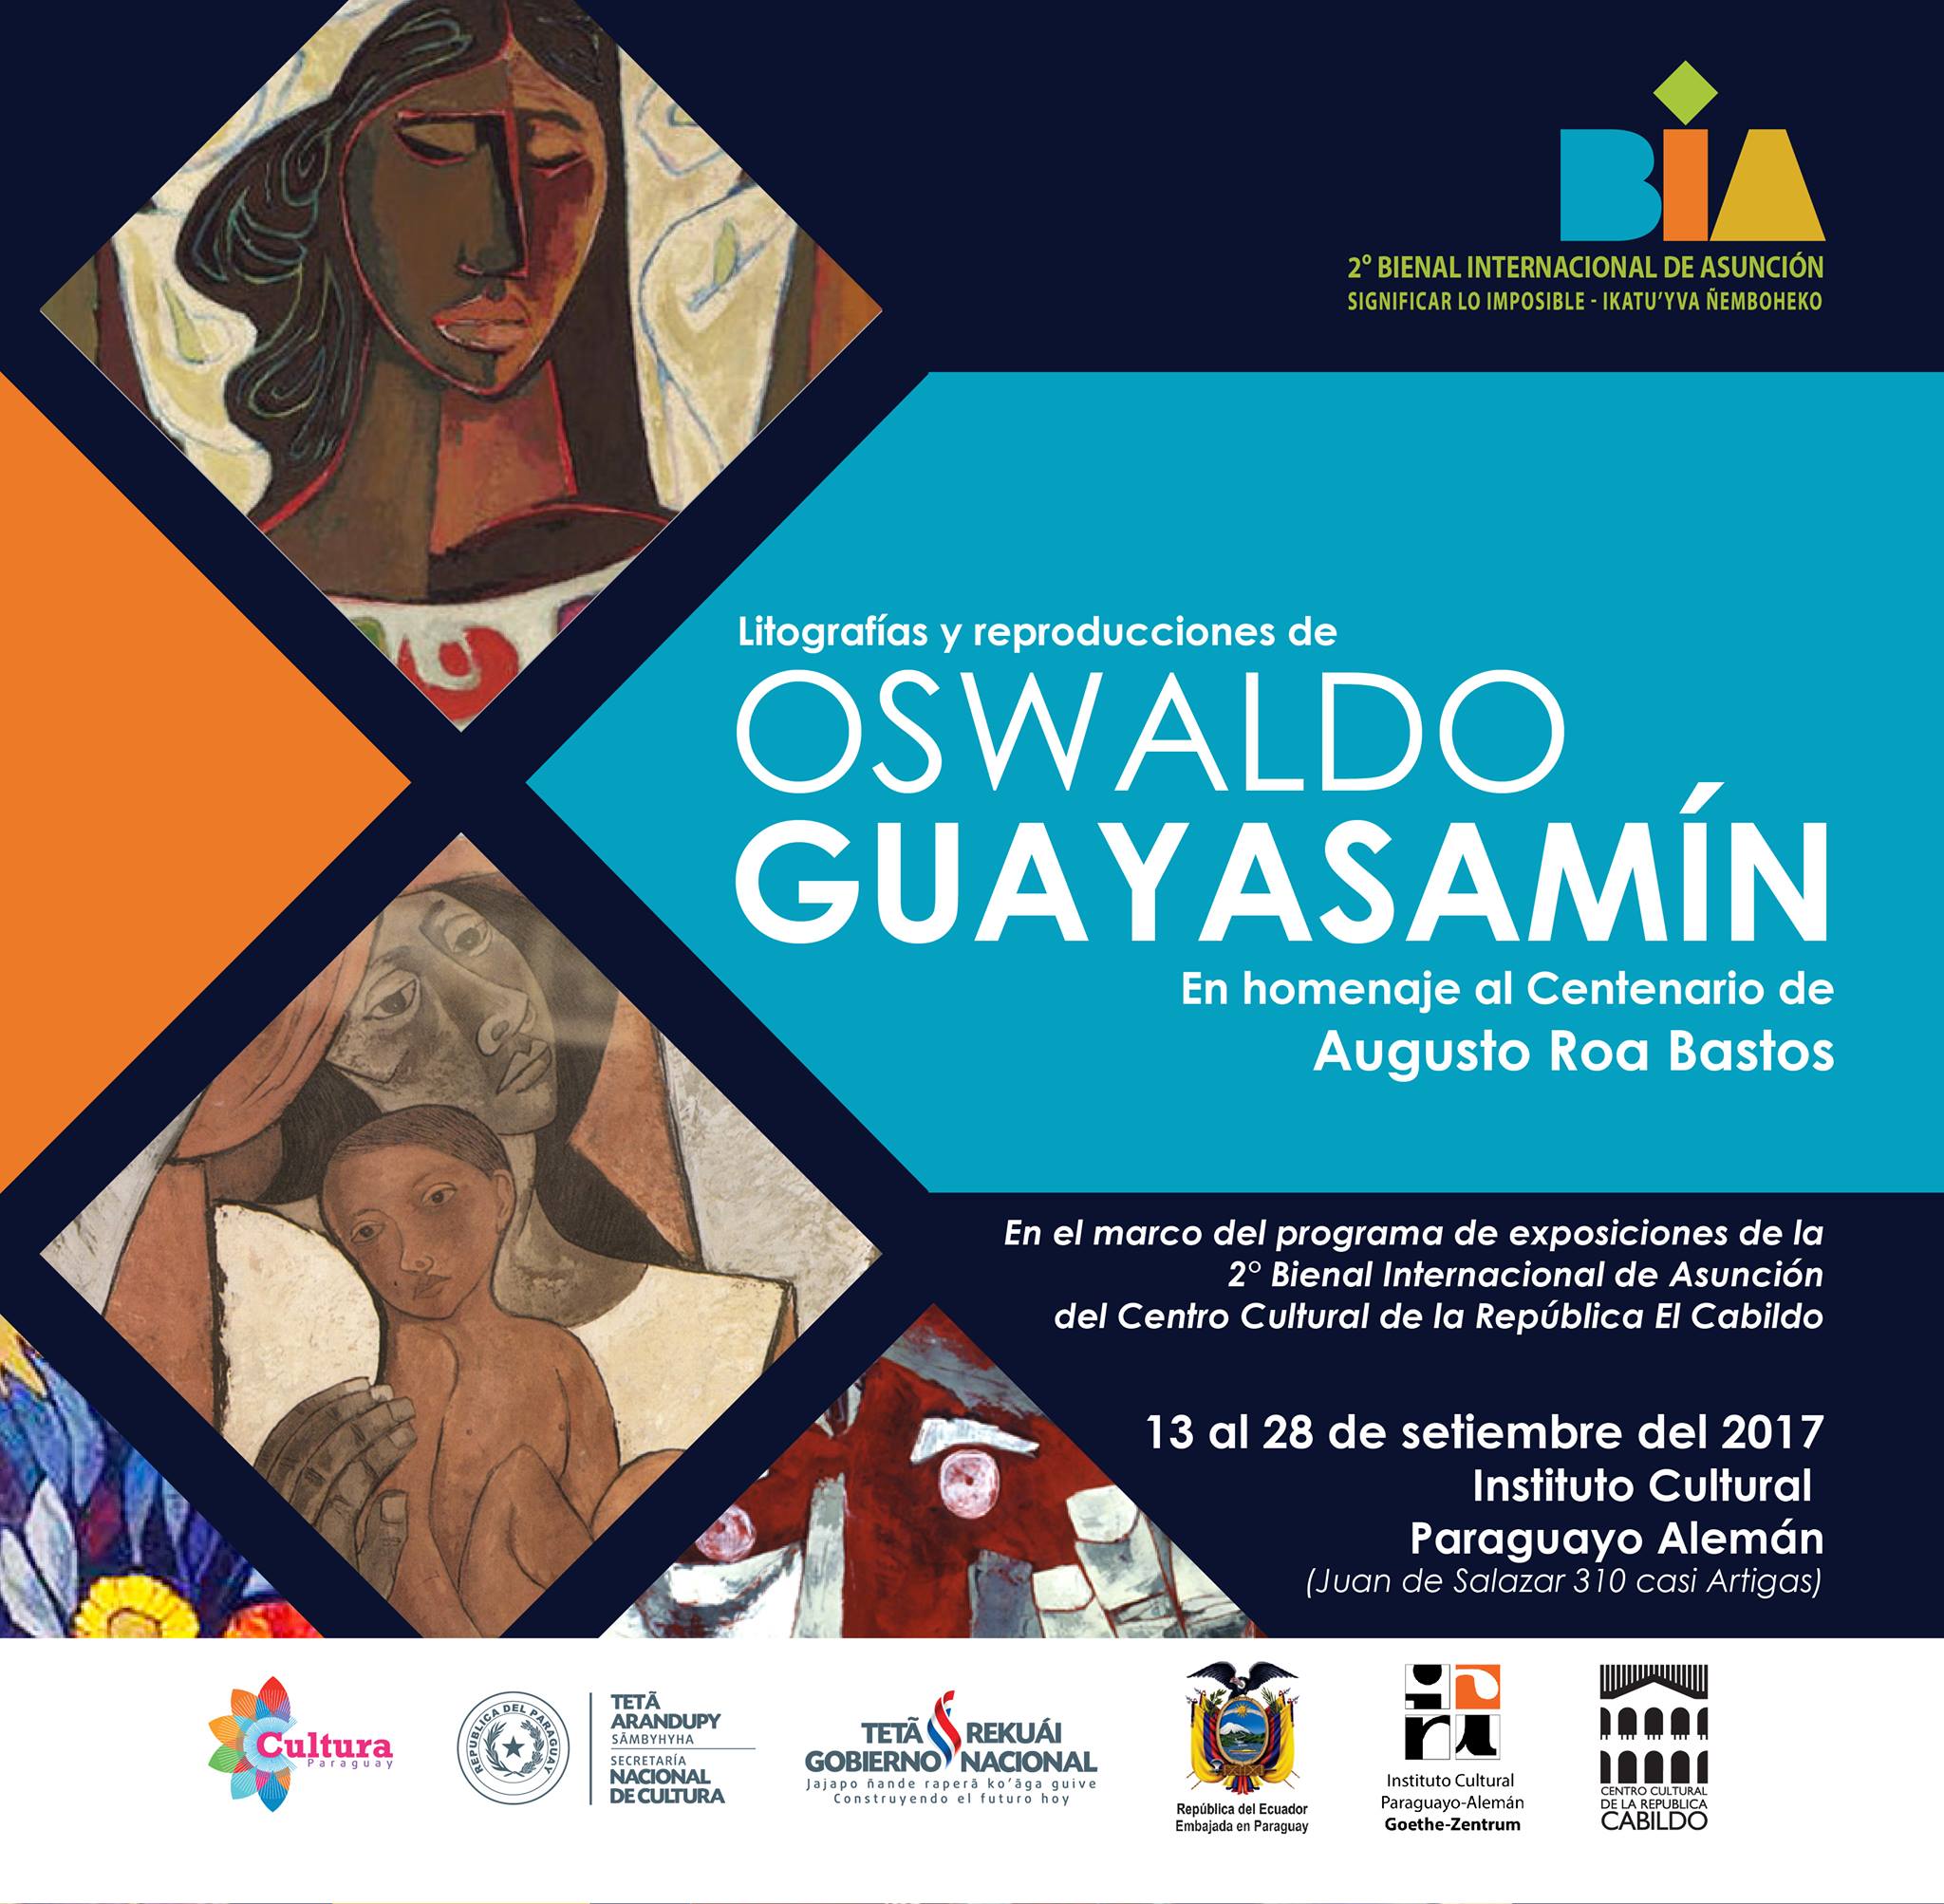 Obras de Oswaldo Guayasamín serán expuestas en el Instituto Cultural Paraguayo Alemán imagen
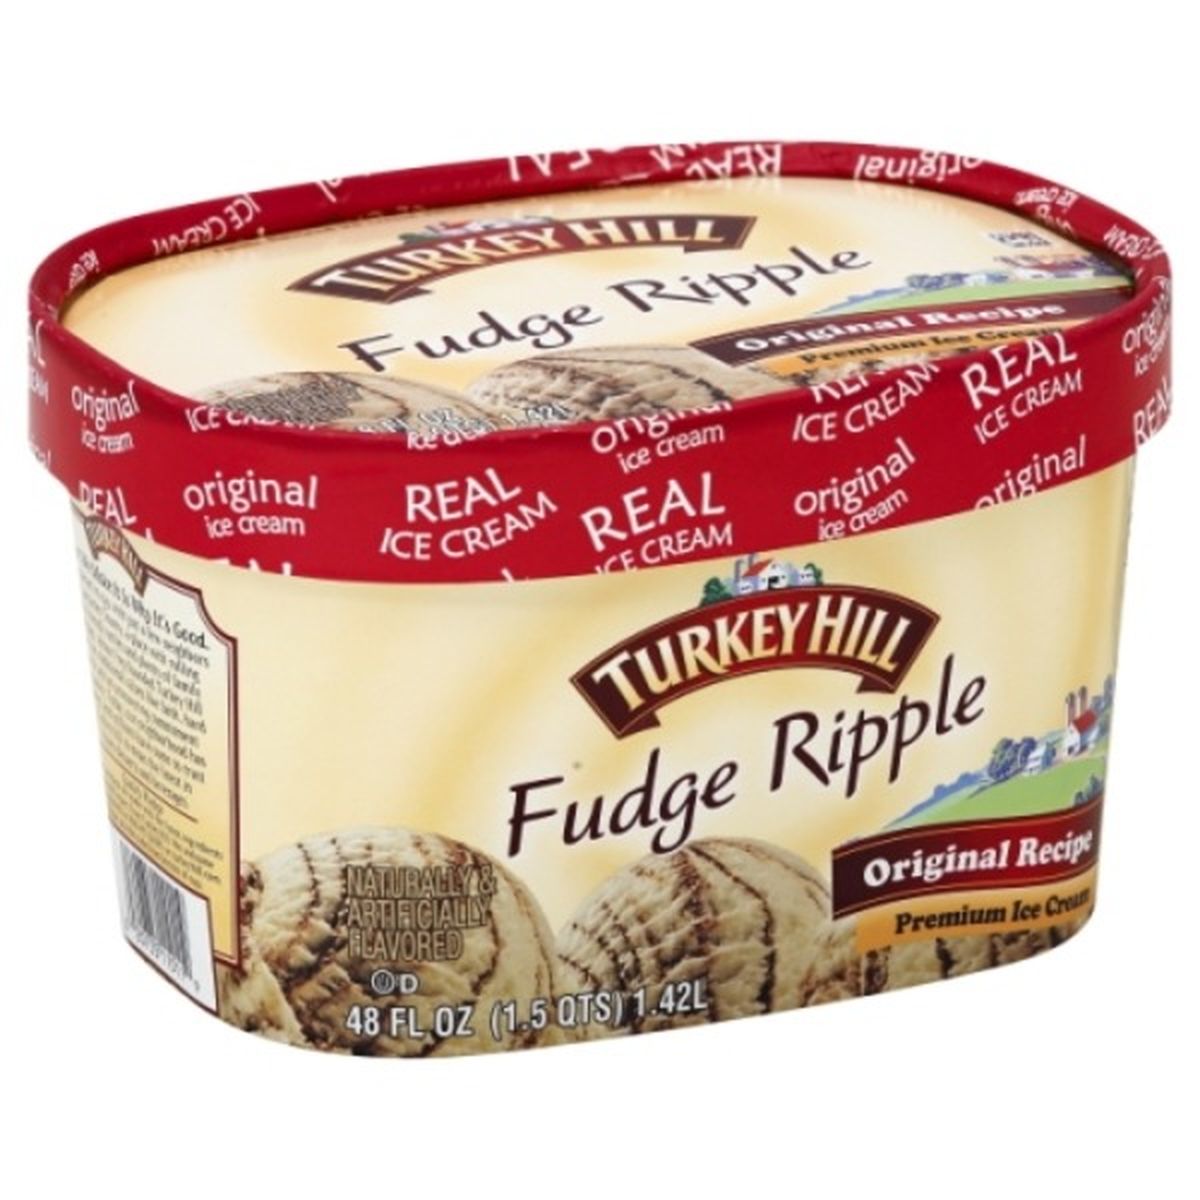 Calories in Turkey Hill Ice Cream, Premium, Fudge Ripple, Original Recipe
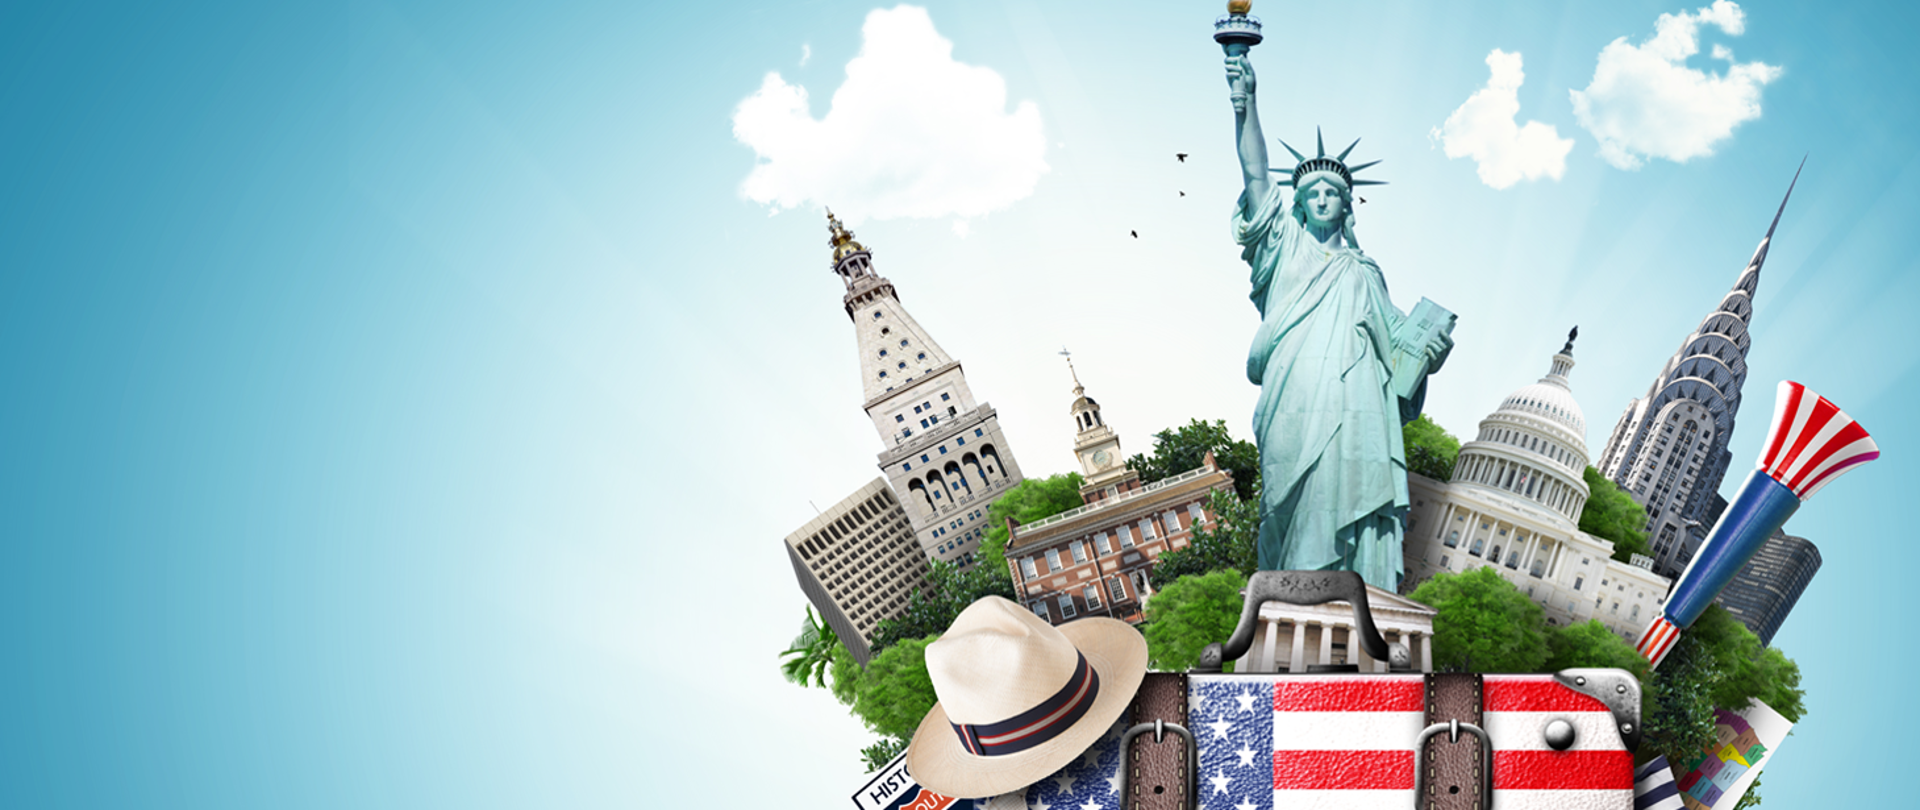 Informacja dla podróżujących do USA w związku ze zniesieniem ograniczeń dotyczących COVID-19

→ What is being asked
Output all the data, exactly, without images.

→ Answer to this task
 Obras de Oswaldo Guayasamín serán expuestas en el Instituto Cultural Paraguayo Alemán imagen
 Calories in Turkey Hill Ice Cream, Premium, Fudge Ripple, Original Recipe
 Informacja dla podróżujących do USA w związku ze zniesieniem ograniczeń dotyczących COVID-19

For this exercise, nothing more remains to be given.